Available data:
----

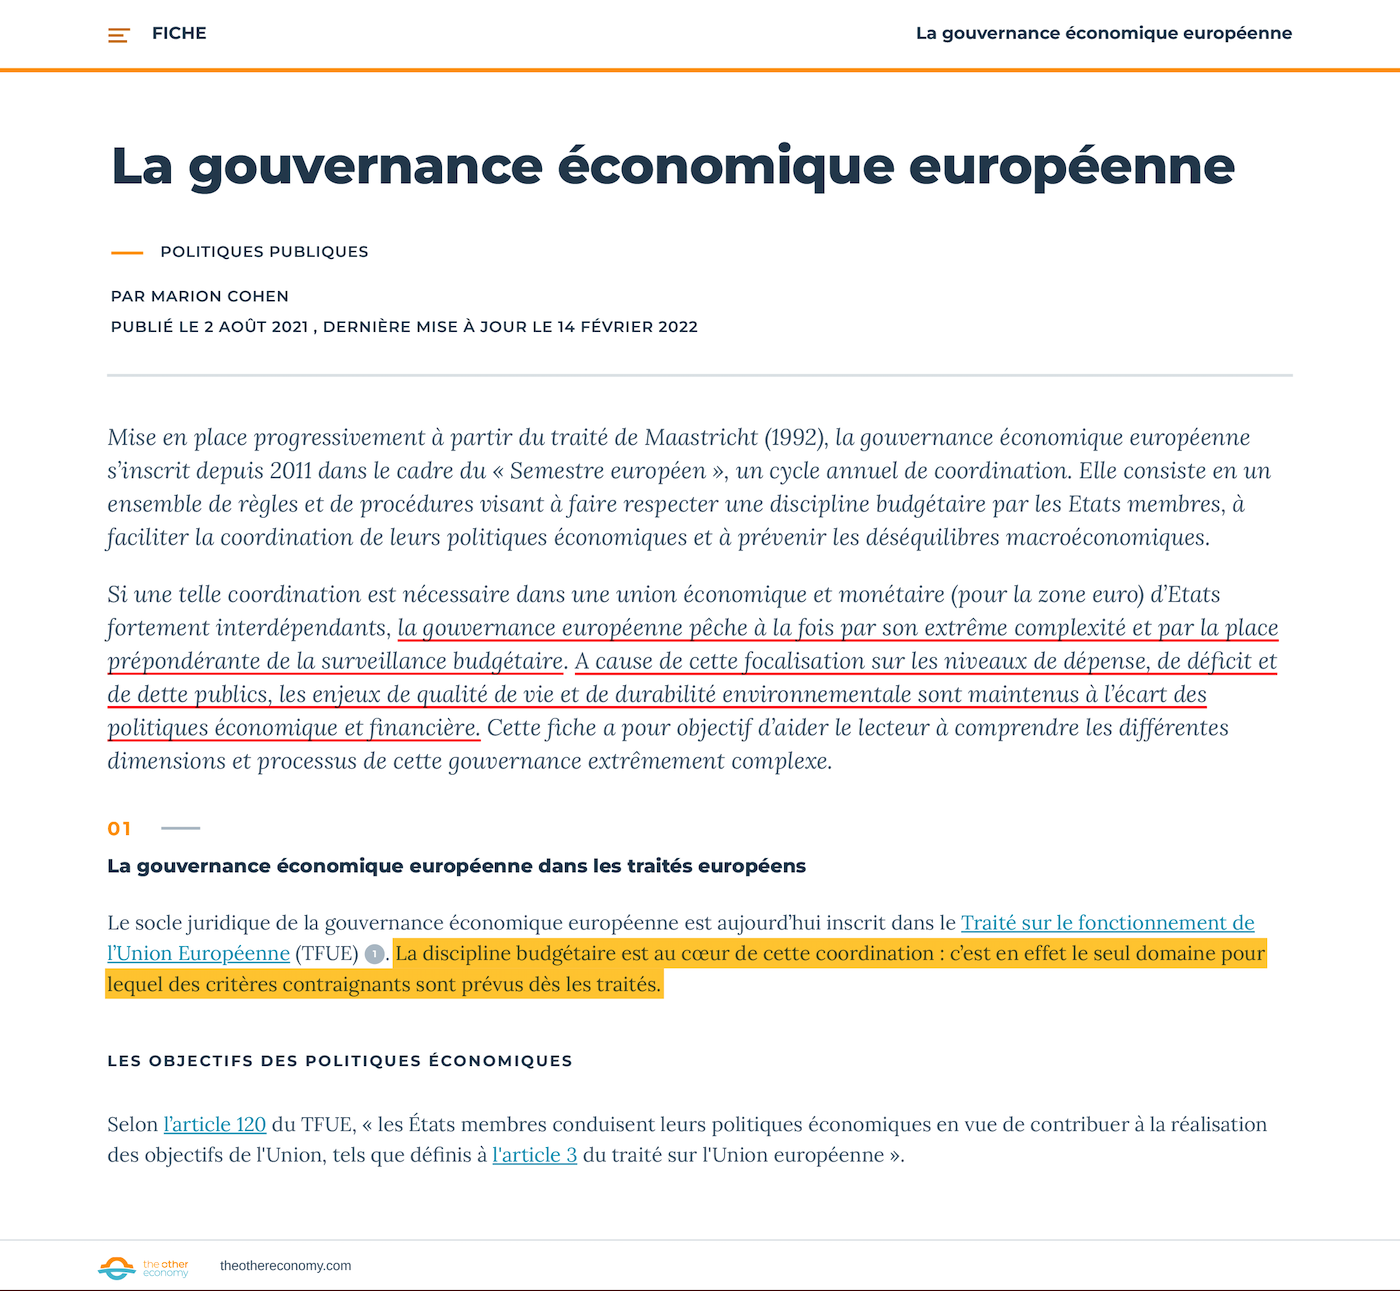 Impression-écran de la page explicative de la gouvernance économique européenne par le site theothereconomy.com.
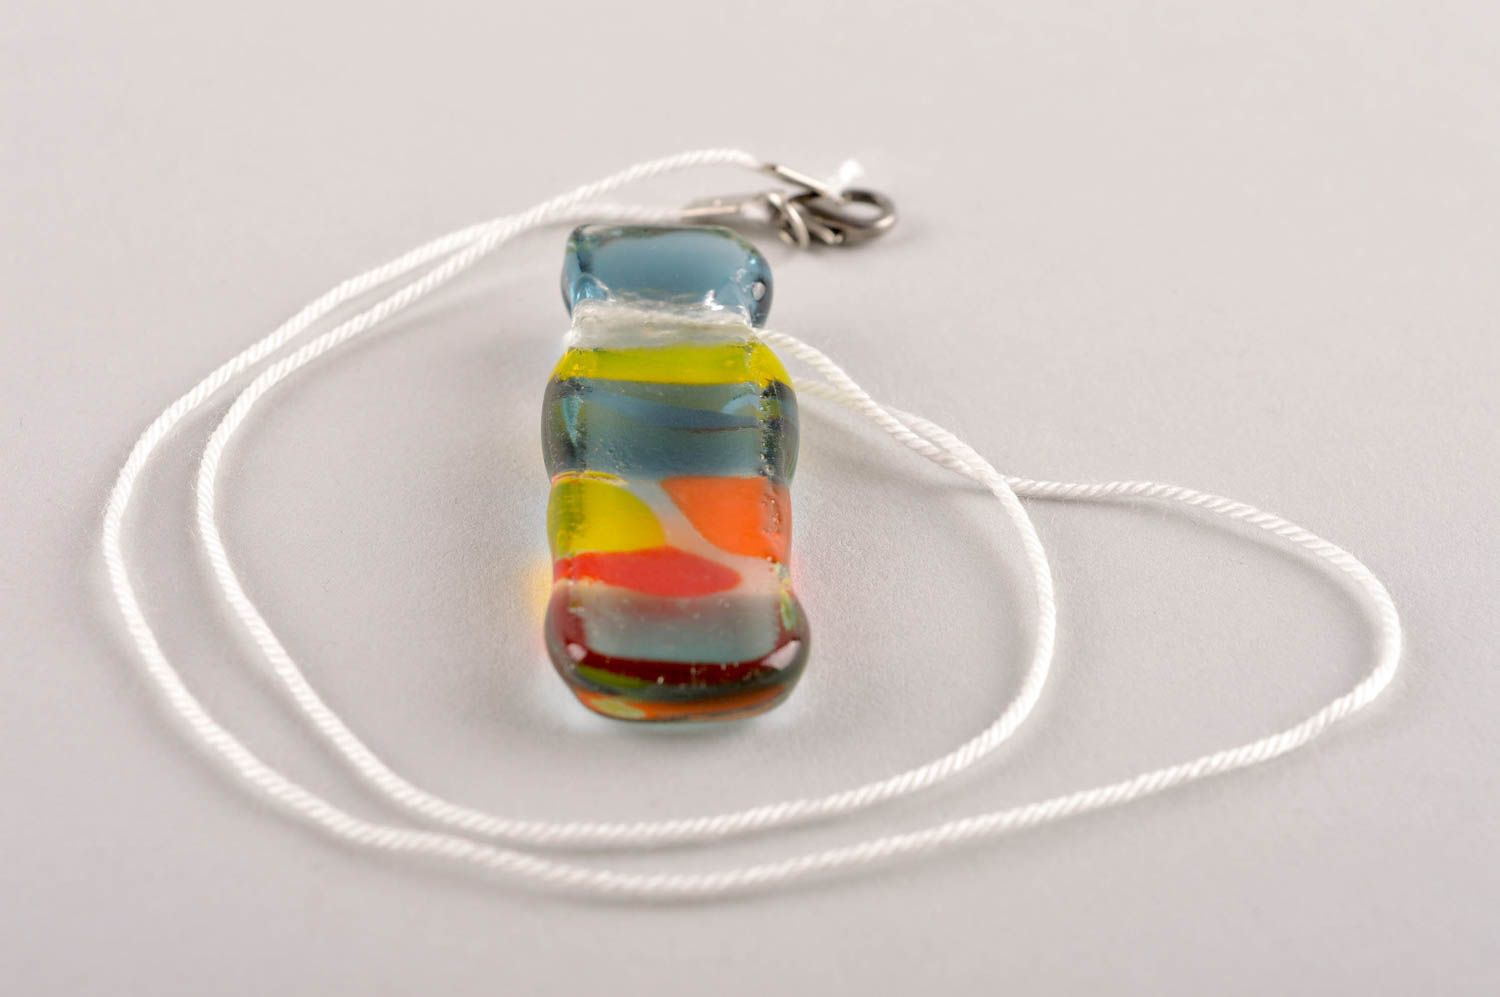 Handmade pendant designer accessory glass pendant for women gift ideas photo 3
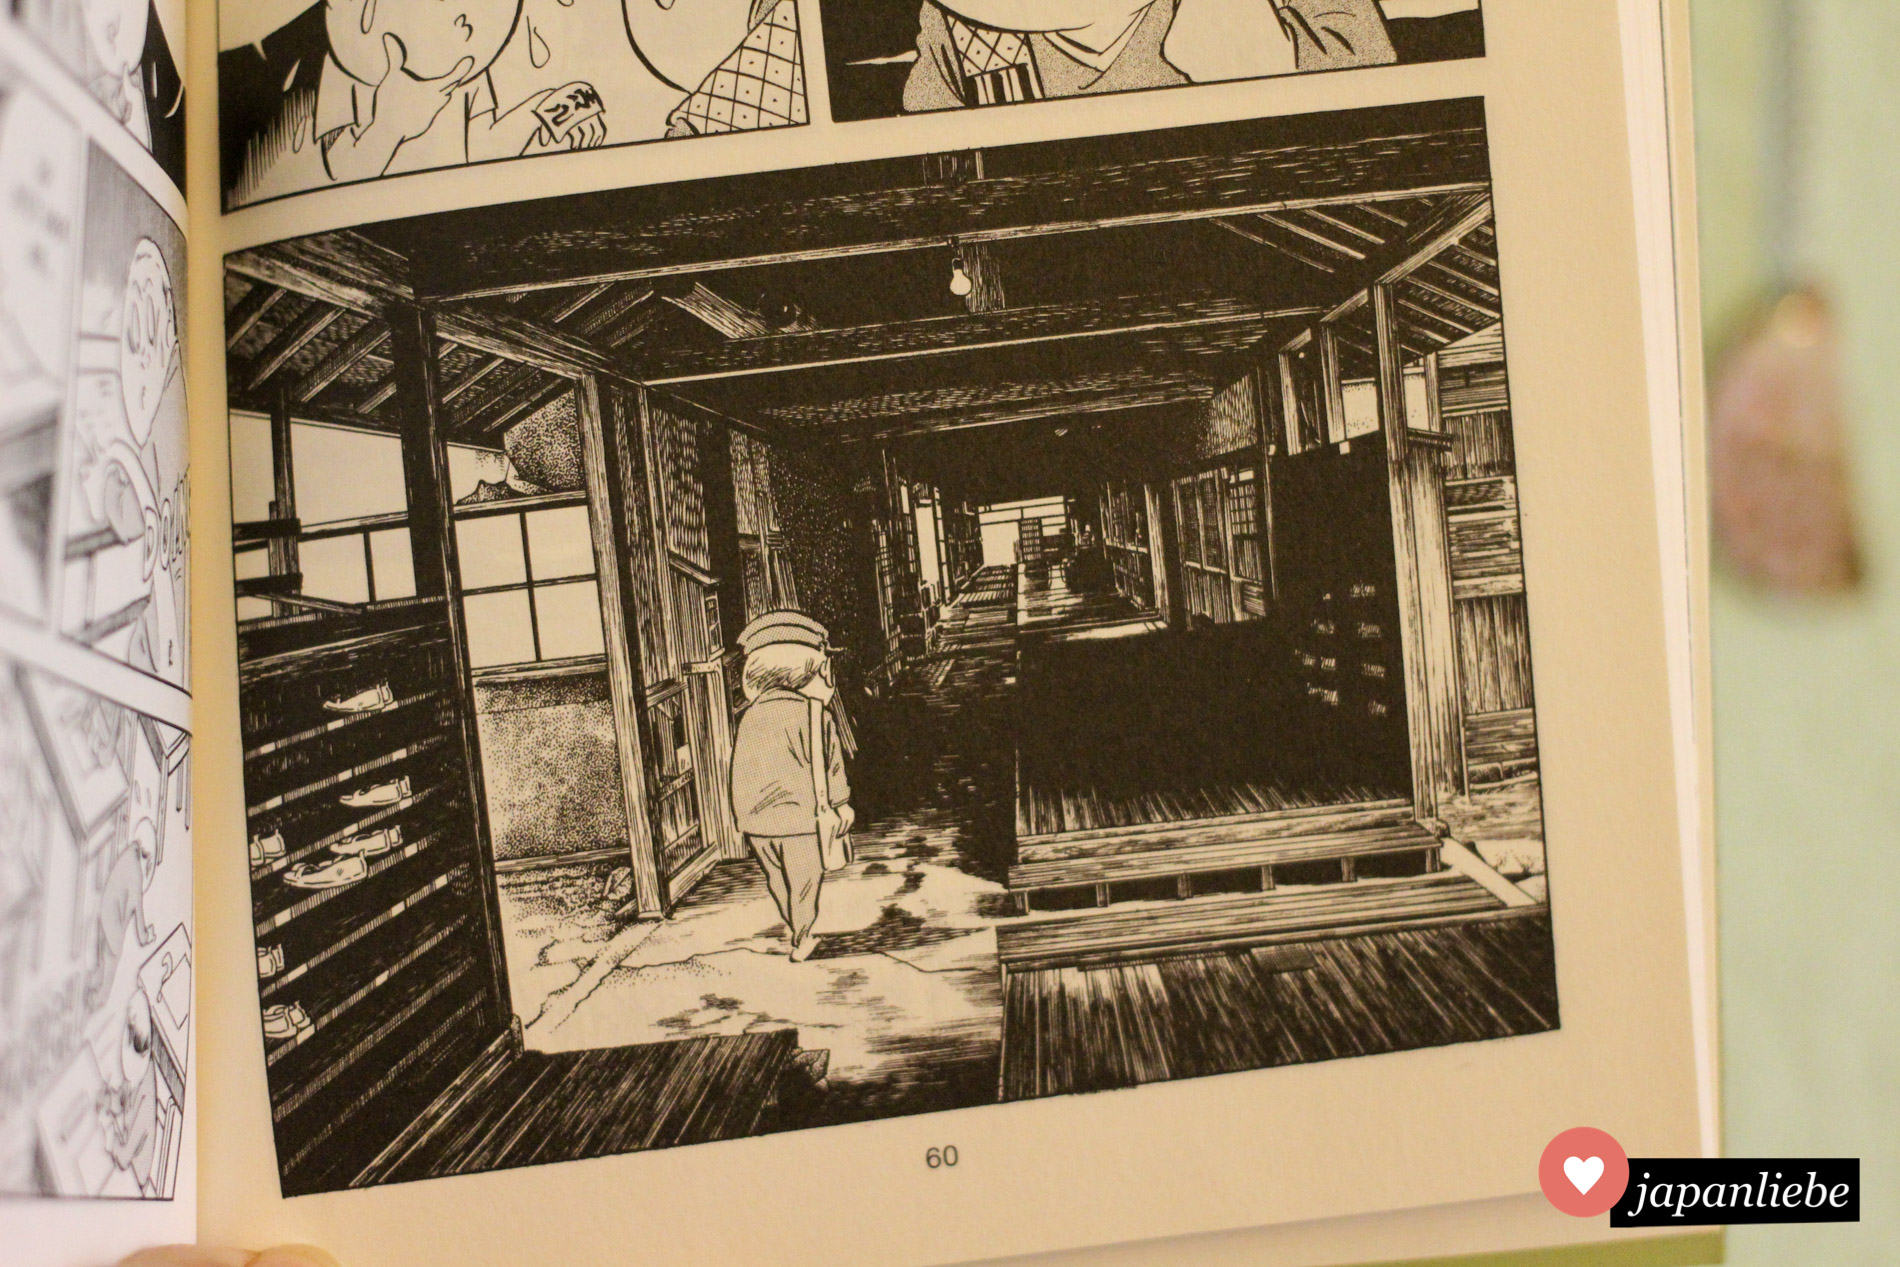 Die Zeichnungen in Shigeru Mizukis Manga "Tante NonNon" sind eine Mischung aus ulkigen Figuren und detailgetreuen Hintergründen.
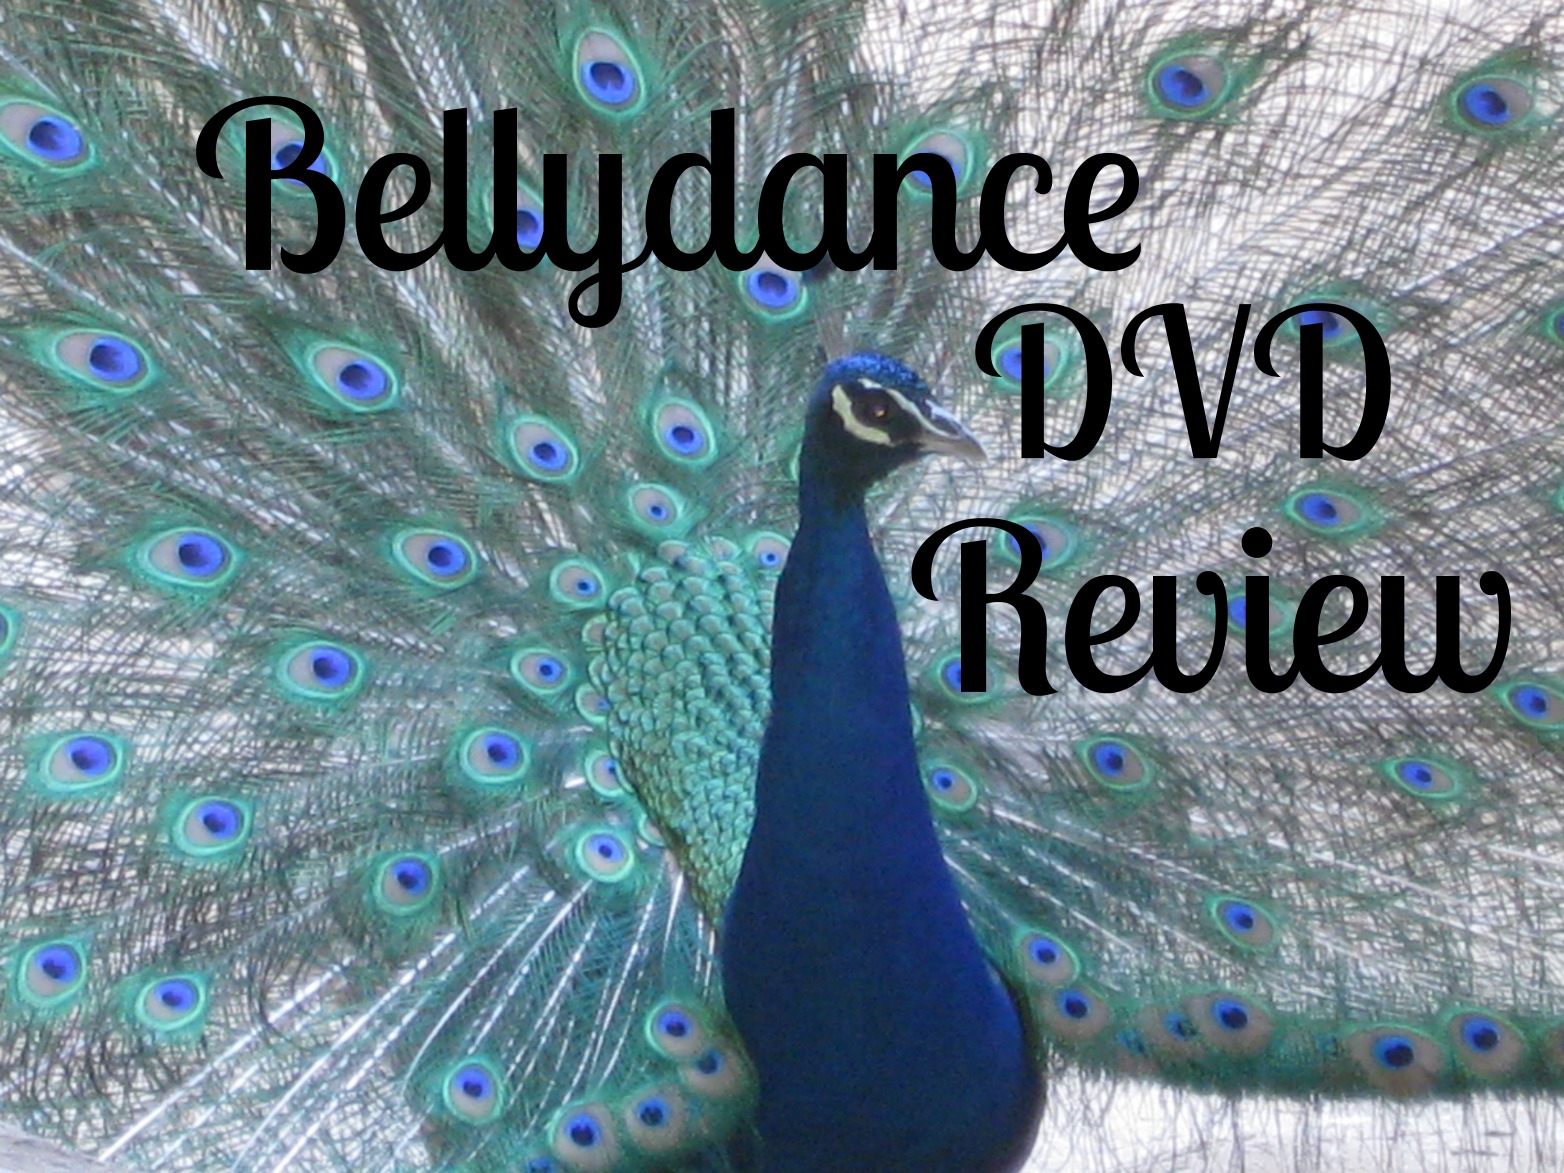 Bellydance DVD Reviews

----

Requirement:
Without including any picture, reproduce all of the material exactly.

Written answer:
 Impression-écran de la page explicative de la gouvernance économique européenne par le site theothereconomy.com.
 Handmade pendant designer accessory glass pendant for women gift ideas photo 3
 Die Zeichnungen in Shigeru Mizukis Manga "Tante NonNon" sind eine Mischung aus ulkigen Figuren und detailgetreuen Hintergründen.
 Bellydance DVD Reviews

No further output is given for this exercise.